# PR card expired 10 years ago



## Kacie (Aug 20, 2016)

Hi, my daughter's PR card has expired about 10 years now. My ex-husband still lives in Canada, my daughter and I have moved out of Canada more than 12 years ago. I would like my daughter to renew her PR card if possible. What are her options? Does she need to move back to Canada to live with her father? Or it can be done where we currently reside? Thank you in advance!


----------



## Auld Yin (Mar 10, 2009)

Kacie said:


> Hi, my daughter's PR card has expired about 10 years now. My ex-husband still lives in Canada, my daughter and I have moved out of Canada more than 12 years ago. I would like my daughter to renew her PR card if possible. What are her options? Does she need to move back to Canada to live with her father? Or it can be done where we currently reside? Thank you in advance!
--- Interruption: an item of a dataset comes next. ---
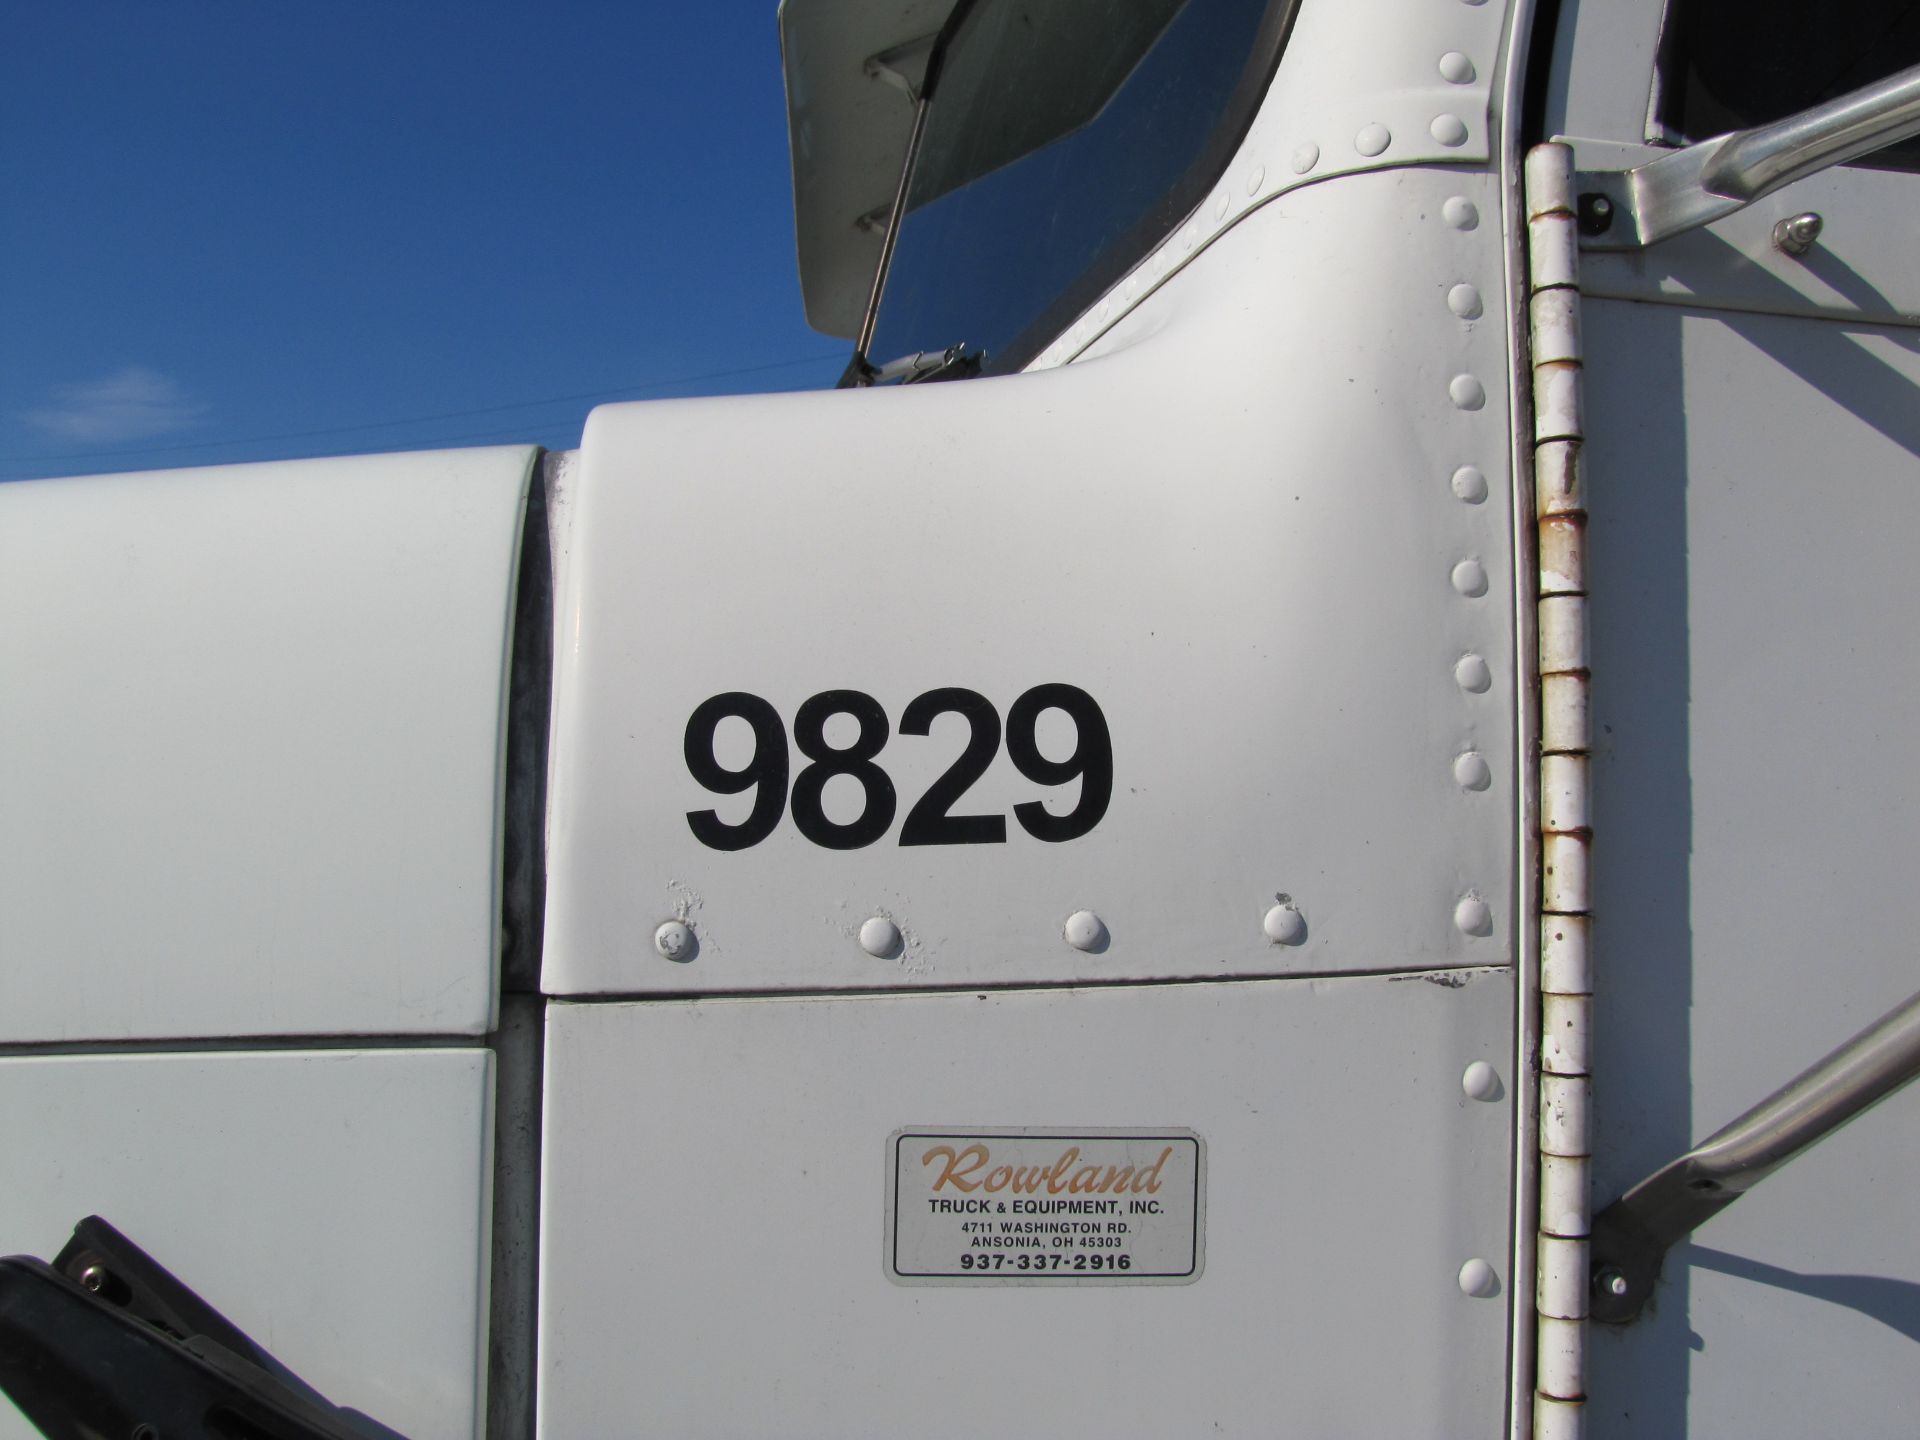 1998 Freightliner, day cab, air ride, Cummins M-11, Eaton 9-speed trans, 168” wheelbase, 523,830 mi - Image 36 of 51

Your daughter is now viewed as having abandoned Canada. To retain her PR status she would have needed to spend 2 out of every 5 years in Canada. To obtain PR status she will need to go through the complete immigration process. She cannot renew her PR status.


----------



## EVHB (Feb 11, 2008)

As Auld Yin already stated: her current PR card is expired and has no more value.
She needs to get her own visa again.

If your daughter is 18 or younger, and isn't married (or in a common-law relationship), maybe the father Determine your eligibility – Sponsor your spouse, partner or children


----------